Data extract:
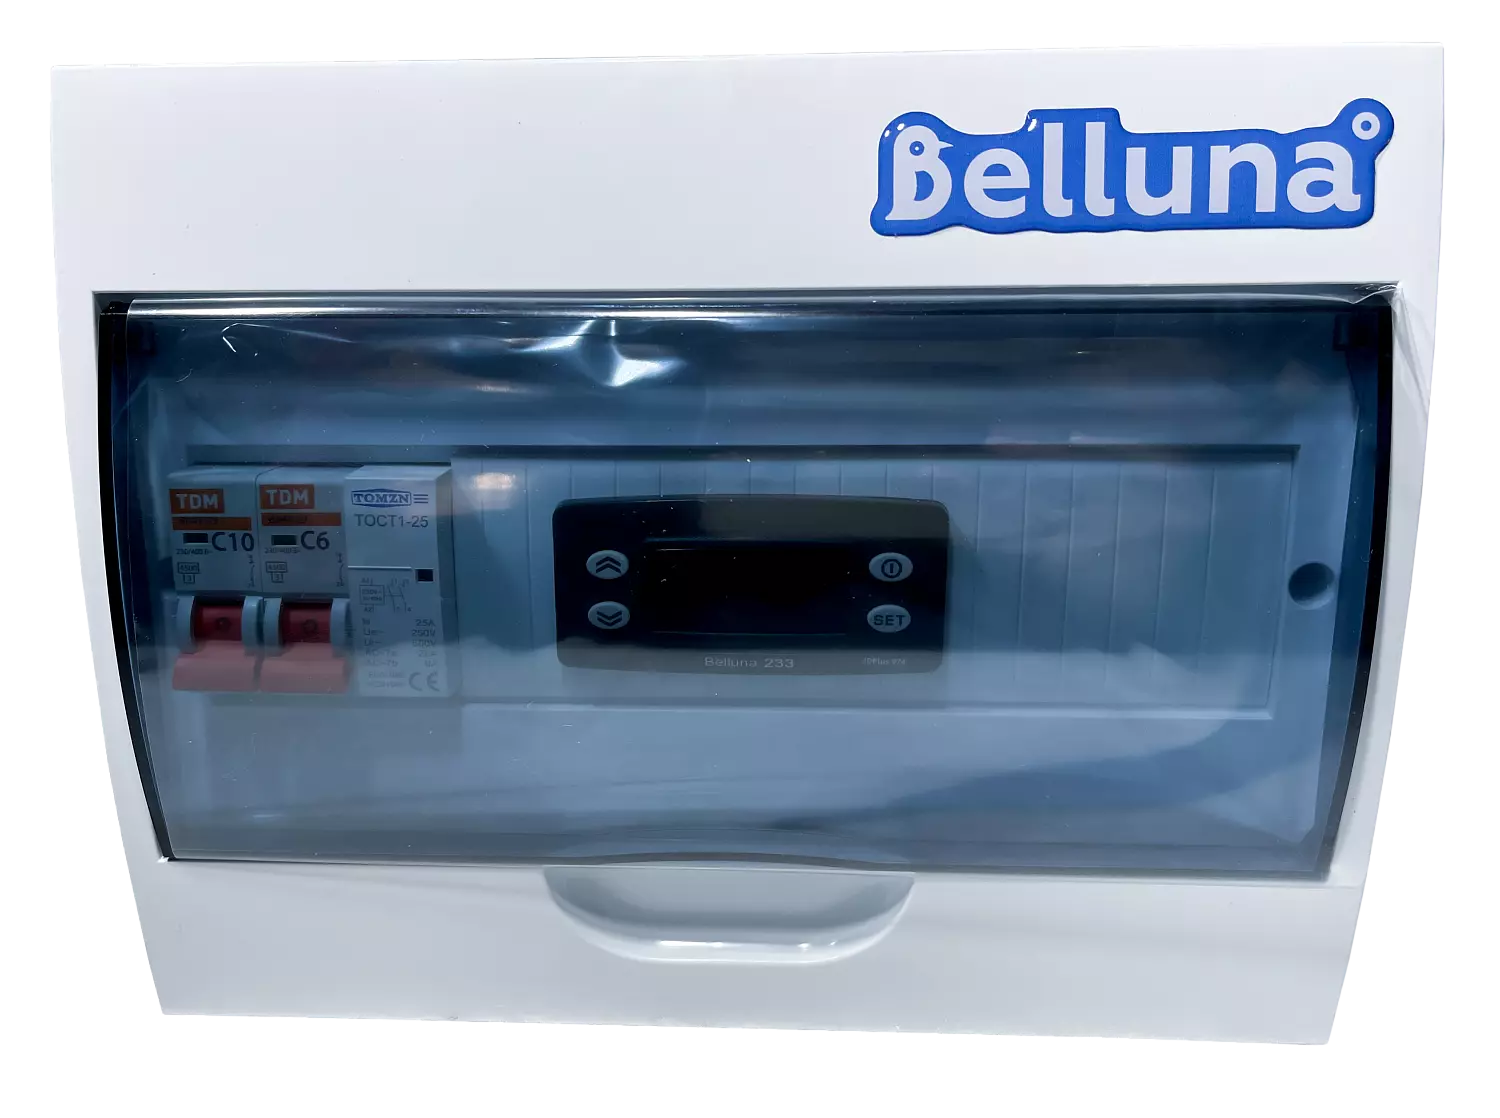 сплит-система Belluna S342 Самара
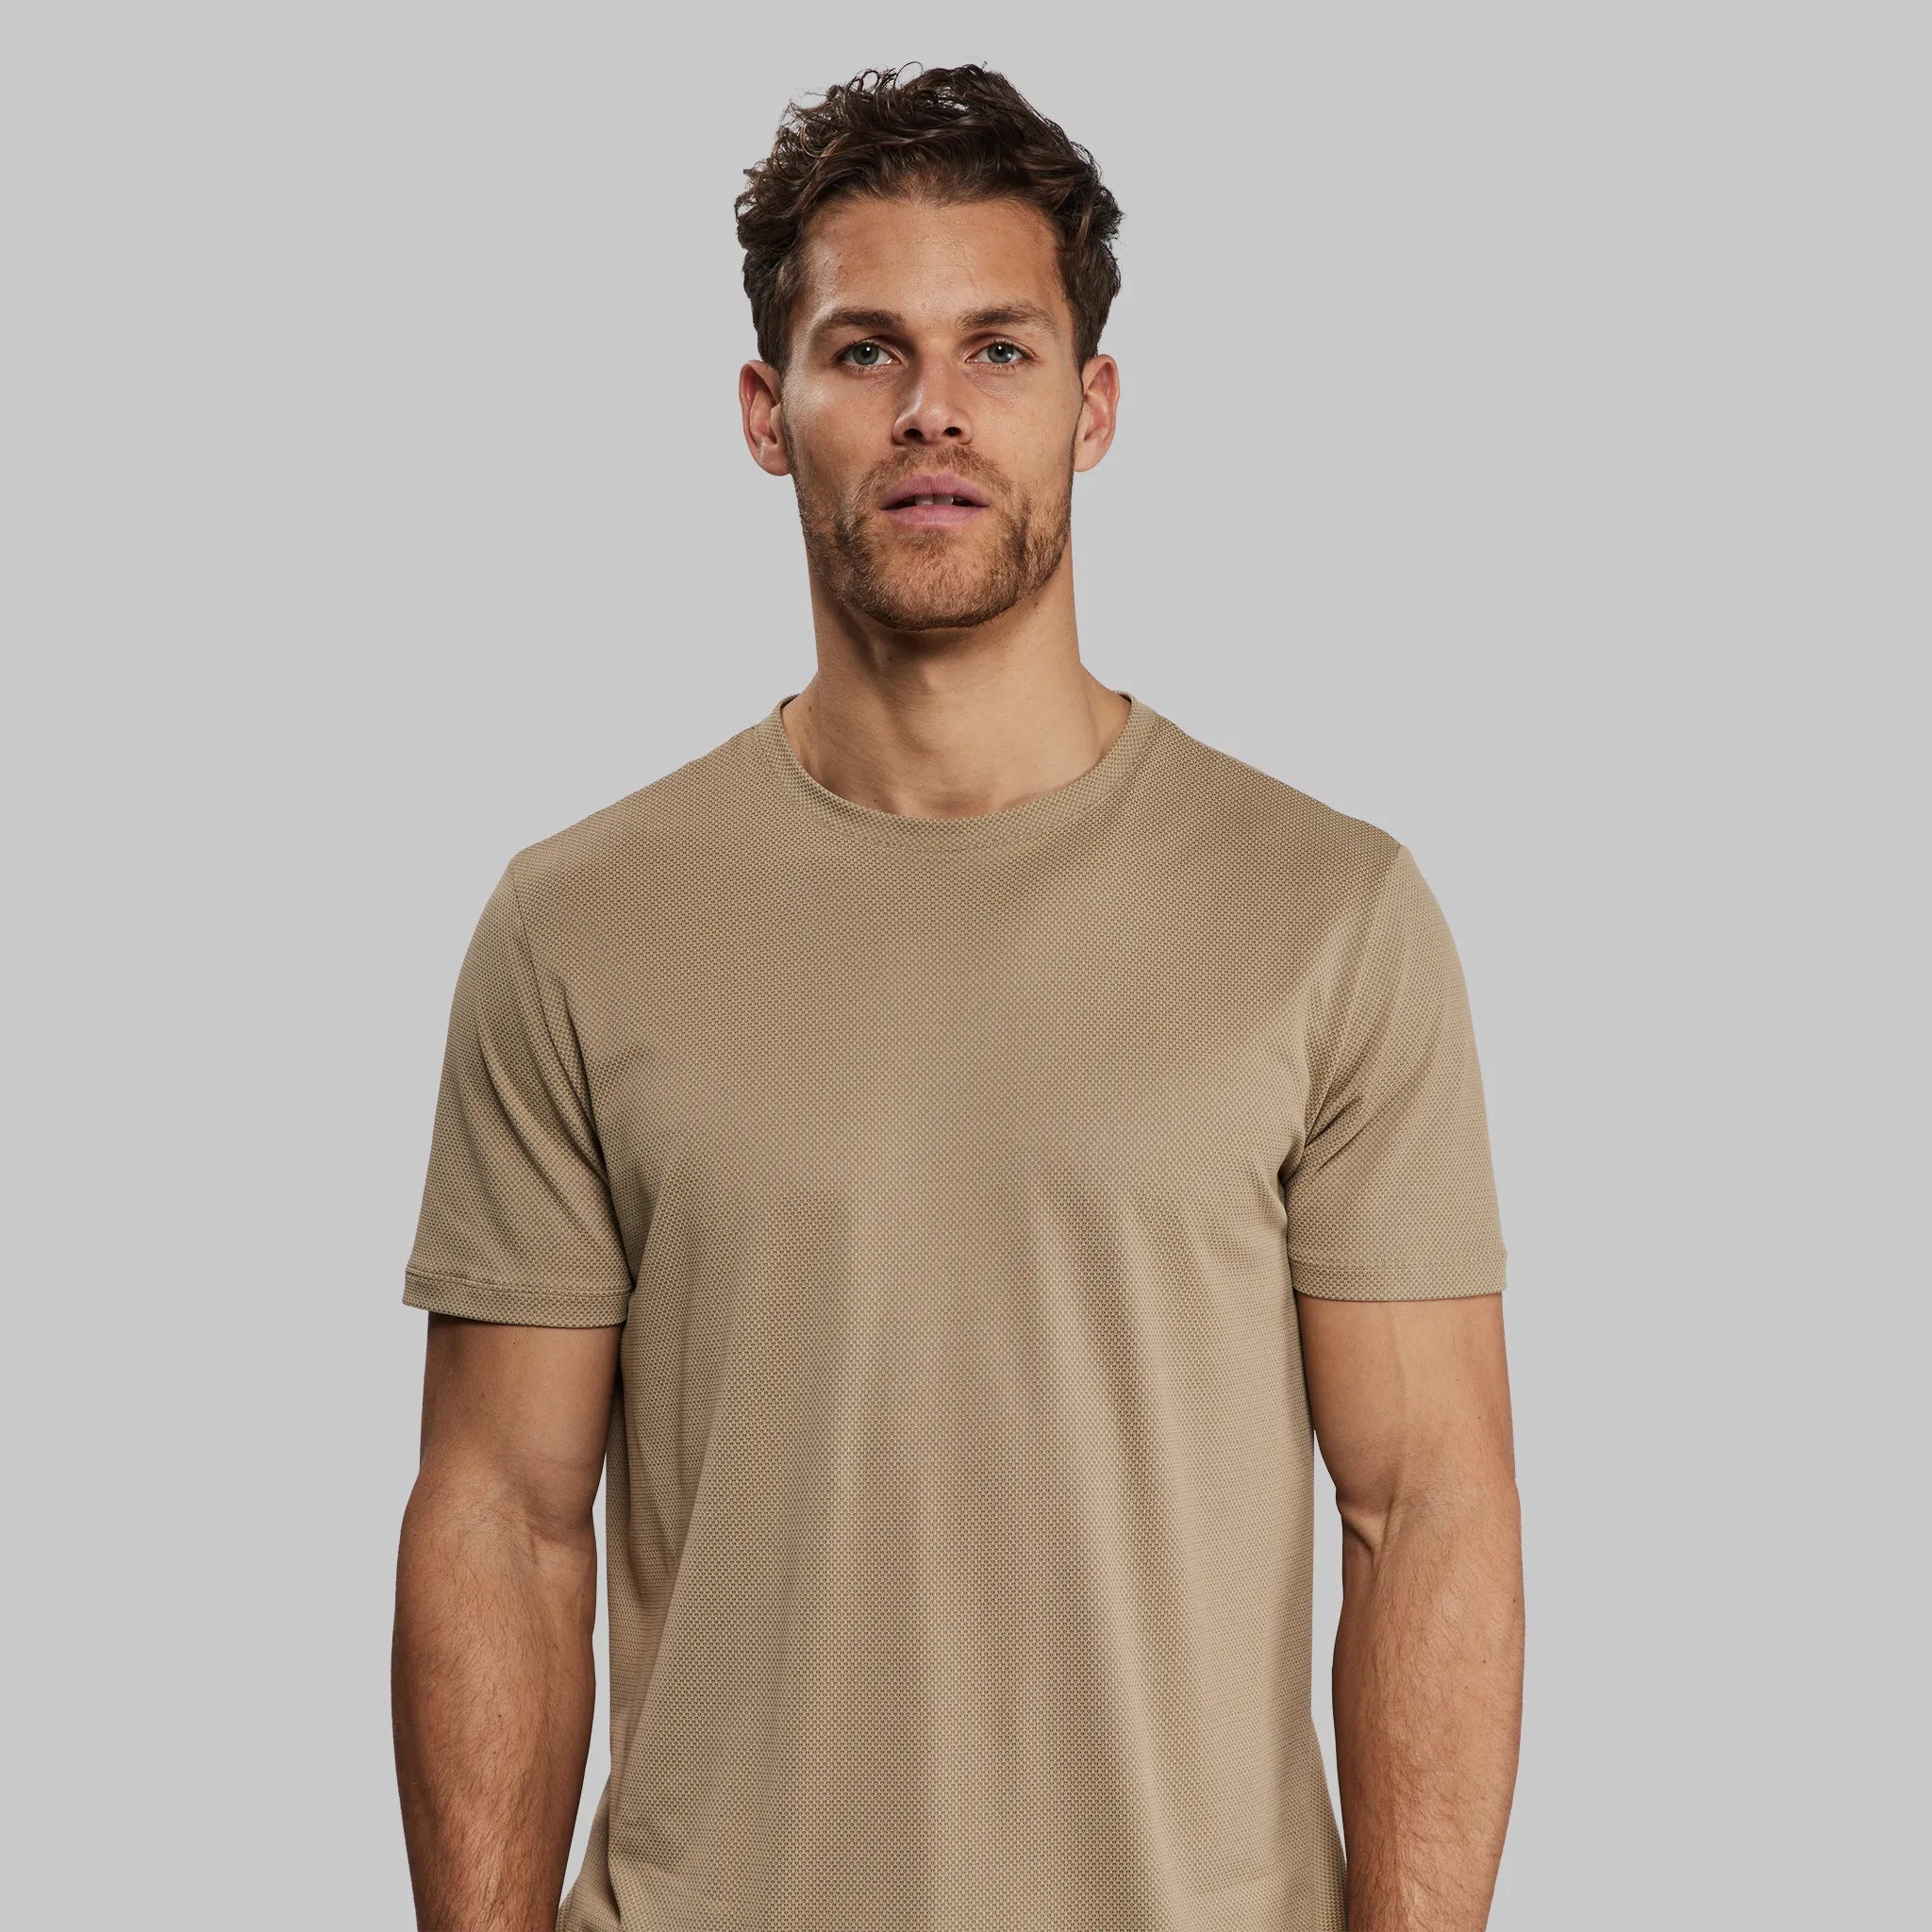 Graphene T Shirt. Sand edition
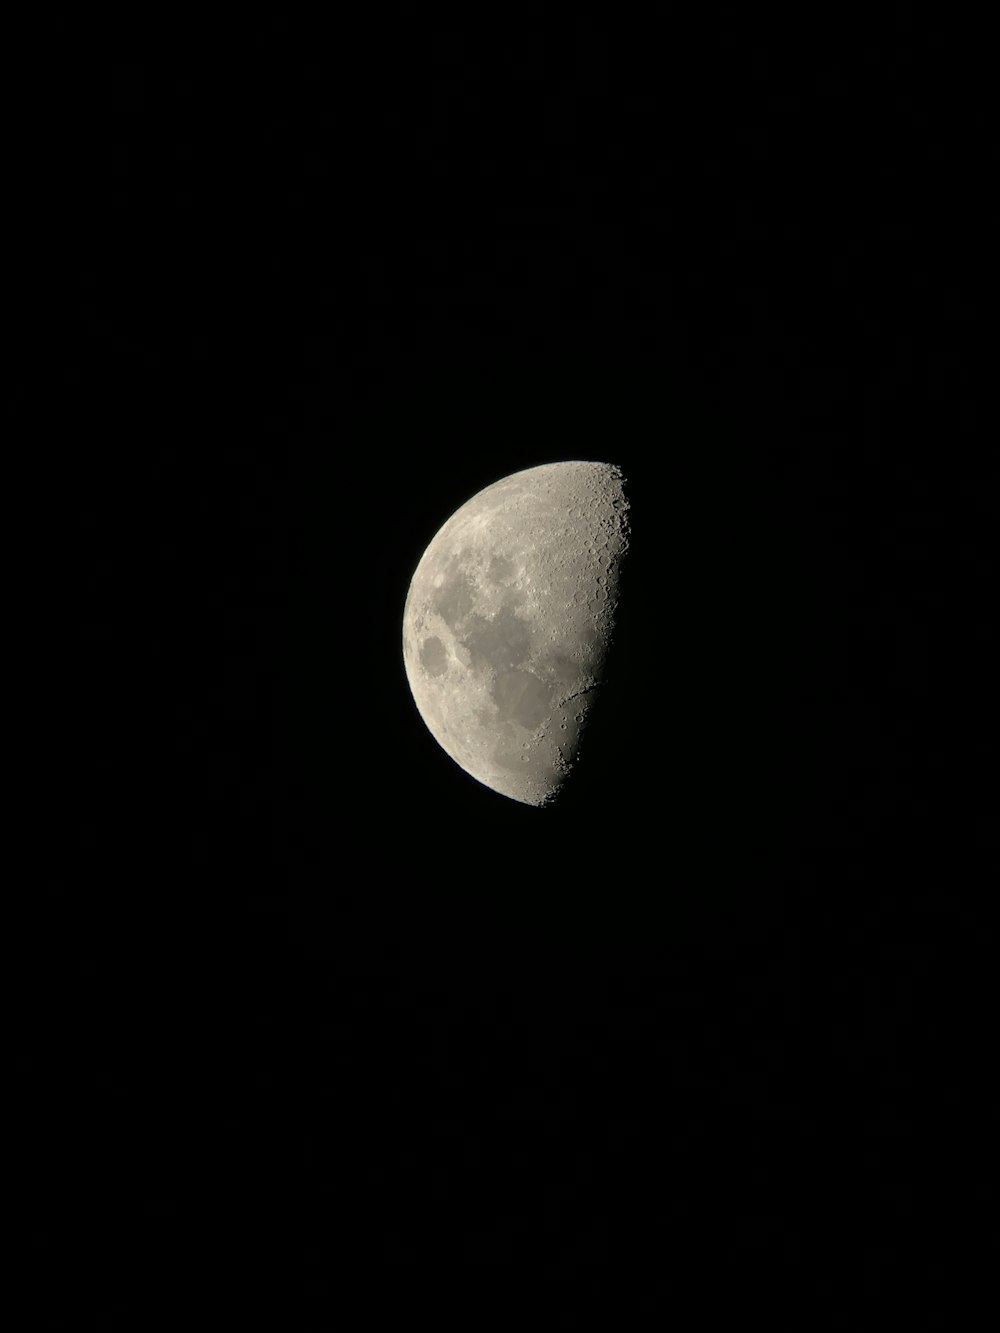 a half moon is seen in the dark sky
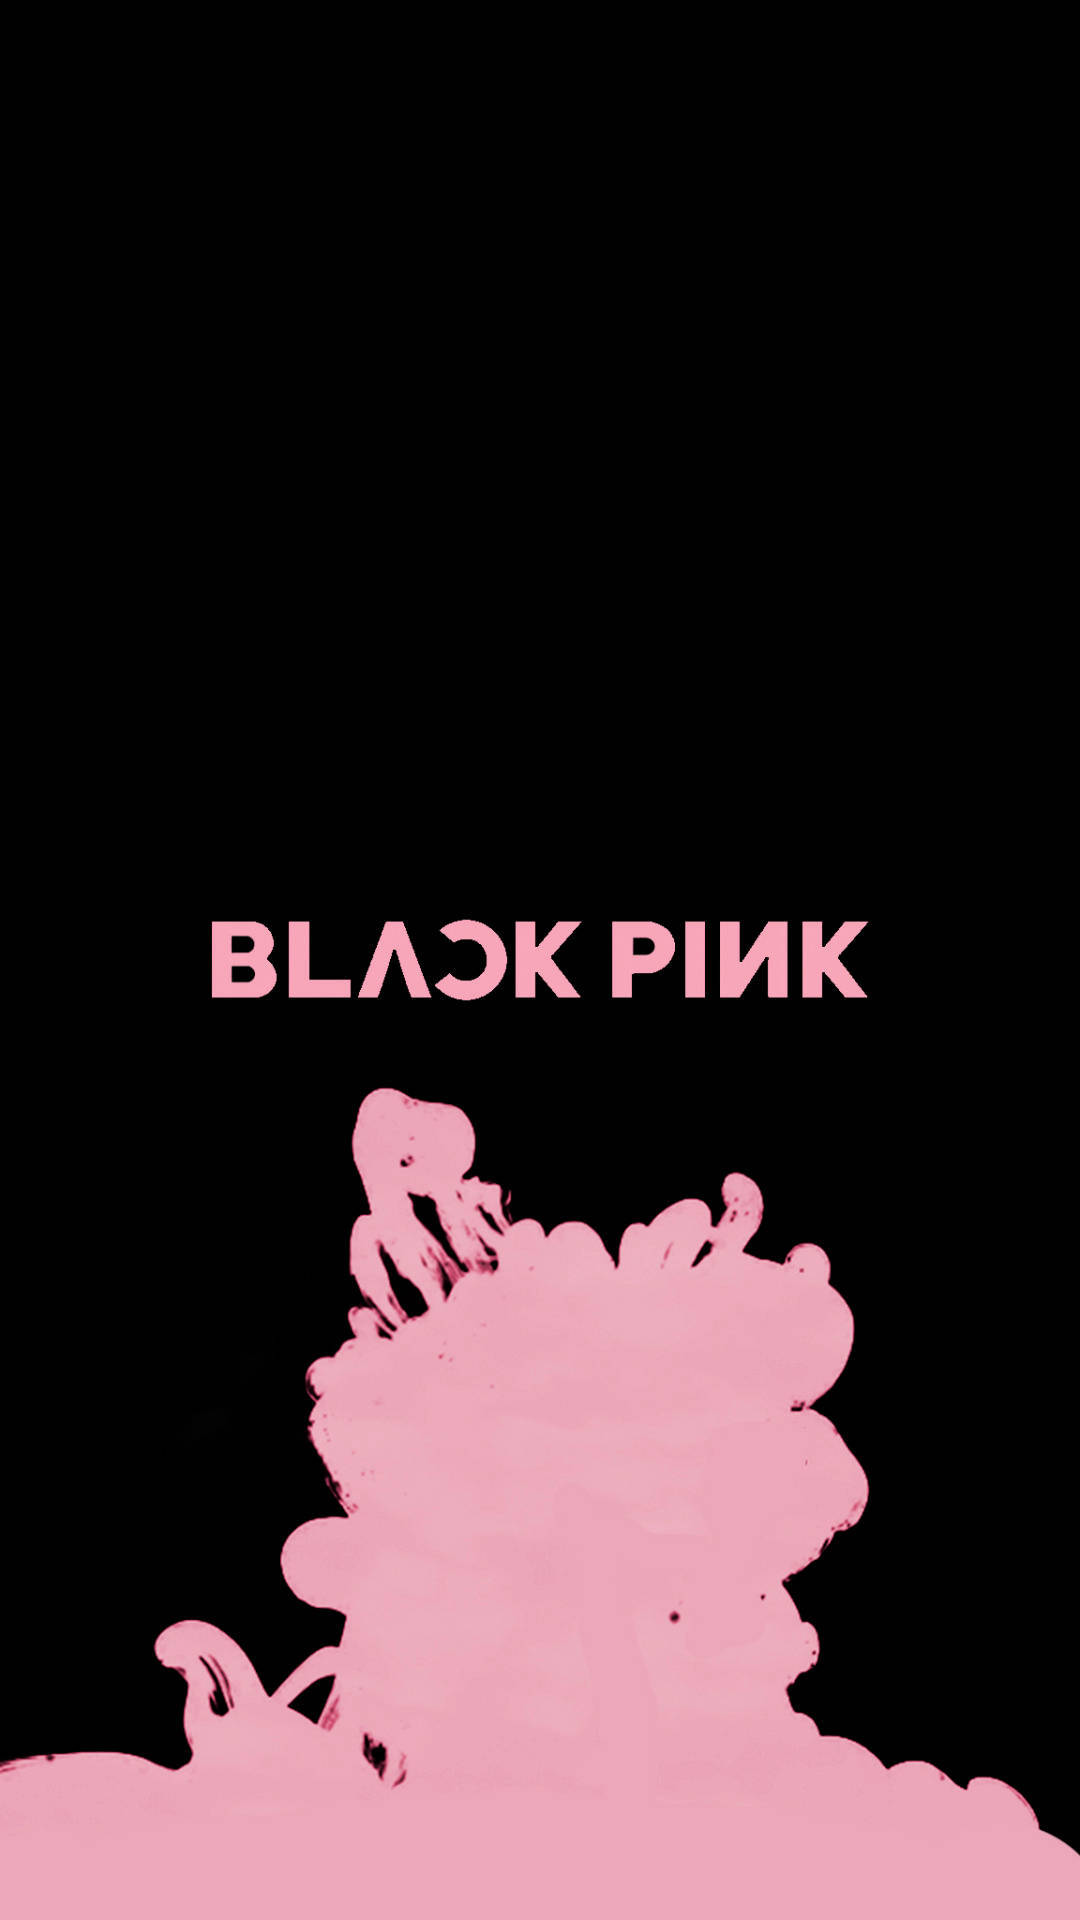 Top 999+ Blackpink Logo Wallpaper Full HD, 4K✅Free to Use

What the exercise asks: Leave the images out and transcribe the remaining data above word for word.

Expected output:
 сплит-система Belluna S342 Самара
 Graphene T Shirt. Sand edition
 a half moon is seen in the dark sky
 Top 999+ Blackpink Logo Wallpaper Full HD, 4K✅Free to Use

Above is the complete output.